On appeal, Okaibi contends that, because Stehlik did not present any expert testimony, she failed to properly establish causation and the reasonableness and necessity of her medical damages. Okaibi also argues that it was erroneous for the district court to allow the jury to award future medical damages when Stehlik's counsel abandoned those damages during closing arguments.
Okaibi failed to raise either of these arguments below, which she acknowledges on appeal. While this court would ordinarily not consider her arguments under these circumstances, see Old Aztec Mine, Inc. v. Brown , 97 Nev. 49, 52, 623 P.2d 981, 983 (1981) (explaining that issues not argued below are "deemed to have been waived and will not be considered on appeal"), Okaibi argues that this court should review her contentions for plain error. "Relief under the plain error standard is rarely granted in civil cases and is reserved for those situations where it has been demonstrated that the failure to grant relief will result in a manifest injustice or a miscarriage of justice." 5 Am.Jur.2d Appellate Review § 675 (2023) (footnotes omitted); see also In re J.D.N., 128 Nev. 462, 469, 283 P.3d 842, 847 (2012) (citing Appellate Review § 720, an earlier version of § 675 stating the same principle, with approval in discussing the use of plain error in the civil context); Williams v. Zell Hoefer, 89 Nev. 579, 580, 517 P.2d 789, 789 (1973) (stating that, if argument or authority is not presented as to the alleged error, this court will not consider it unless "the error is so unmistakable that it reveals itself by a casual inspection of the record").

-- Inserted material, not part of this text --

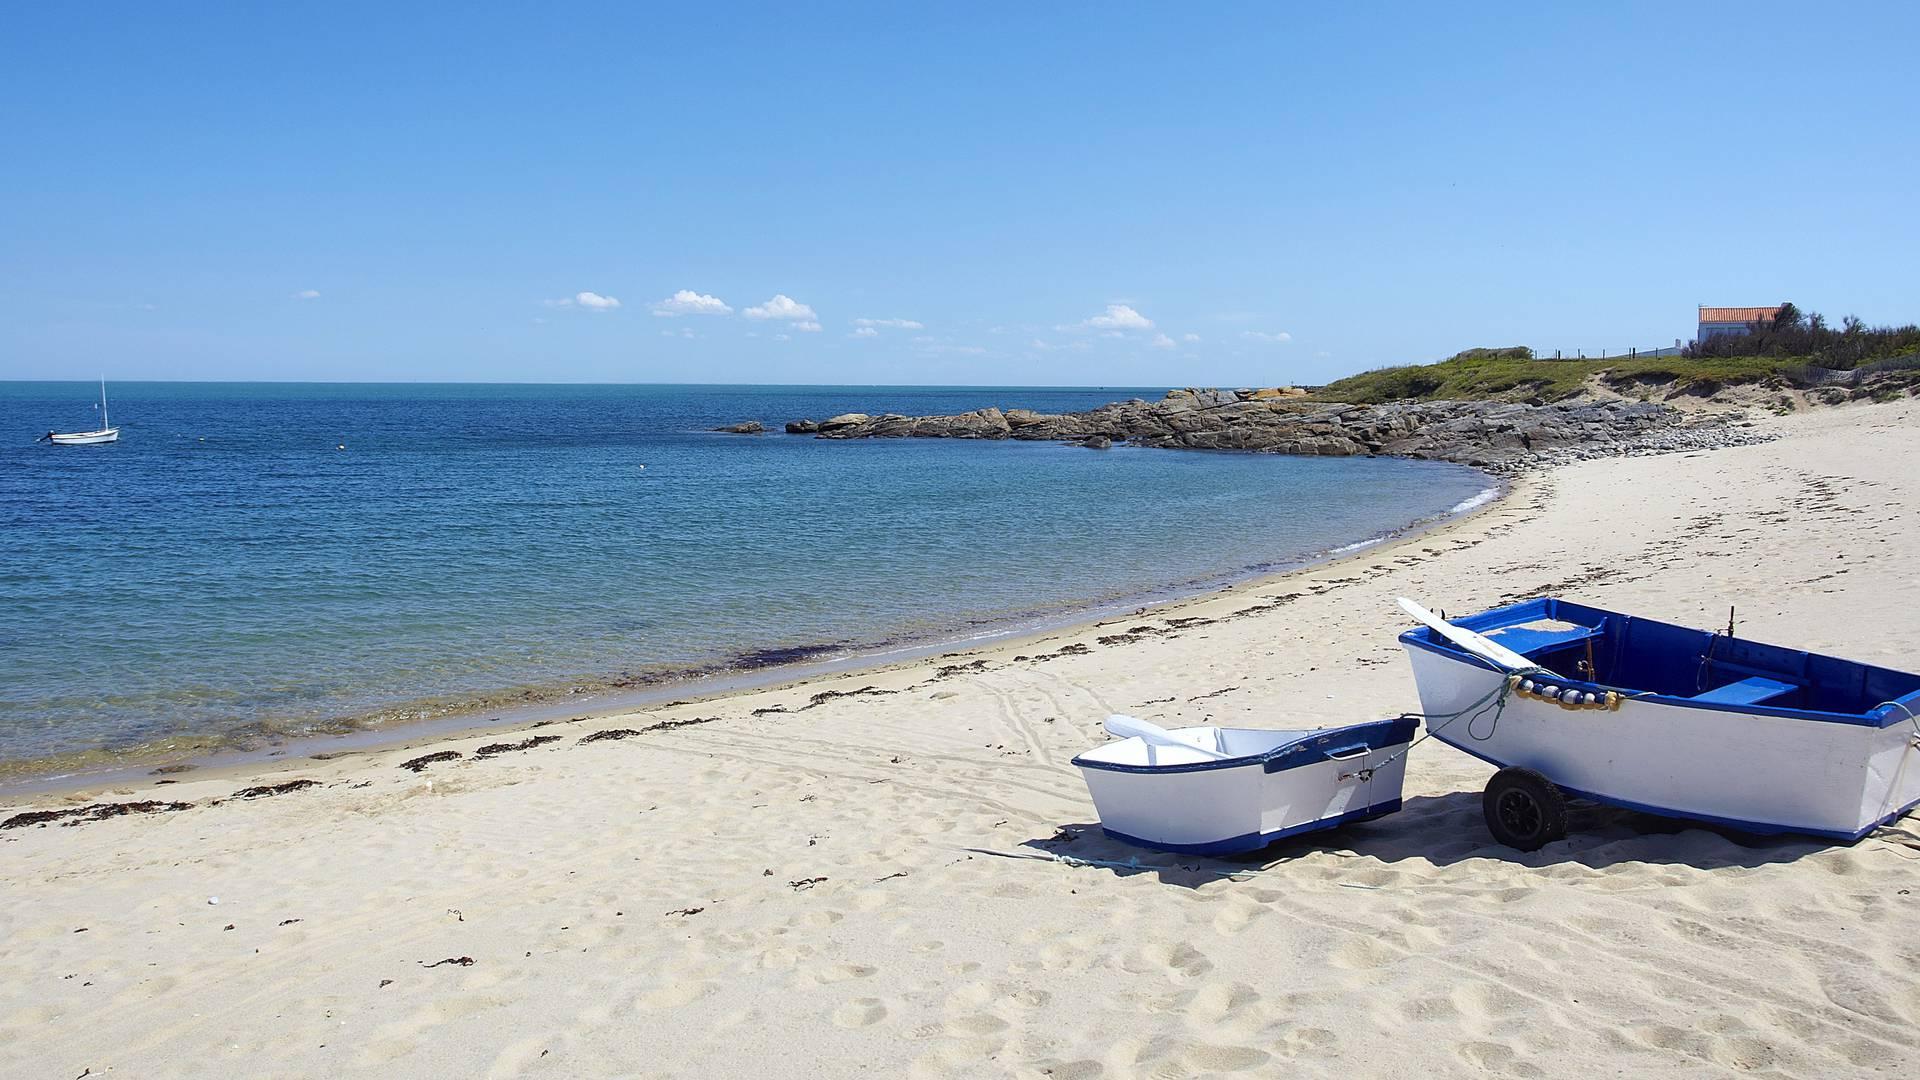 Strand im Nordwesten der Ile d'Yeu

We decline to exercise our discretion to review this matter for plain error. See, e.g., Flowers v. State , 136 Nev. 1, 8, 456 P.3d 1037, 1045 (2020) ("Plain error review is discretionary, not obligatory."); Hoard v. Hartman , 904 F.3d 780, 787 (9th Cir. 2018) (recognizing that plain-error review is discretionary); Chem. Leaman Tank Lines, Inc. v. Aetna Cas. & Sur. Co., 89 F.3d 976, 993 (3d Cir. 1996) ("In the absence of a party's preservation of an assigned error for appeal, we review for plain error, and our power to reverse is discretionary." (internal quotation marks omitted)). At trial, Okaibi did not object or otherwise present argument regarding any of the errors she now seeks to argue on appeal. Indeed, even when the district court sua sponte raised concerns about submitting this matter to a jury given the absence of expert testimony, Okaibi did not assert that such testimony was required, arguing instead that the issue of causation was a question of the fact for the jury. Moreover, once the jury issued its verdict, Okaibi failed to raise any post-verdict challenges. Thus, we conclude that any challenge to the errors Okaibi asserts on appeal has been waived. See Old Aztec Mine , 97 Nev. at 52, 623 P.2d at 983 ; see also Price v. Sinnott , 85 Nev. 600, 607, 460 P.2d 837, 841 (1969) ("A party may not gamble on the jury's verdict and then later, when displeased with the verdict, challenge the sufficiency of the evidence to support it.").
Accordingly, for the reasons set forth above, we
ORDER the judgment of the district court AFFIRMED.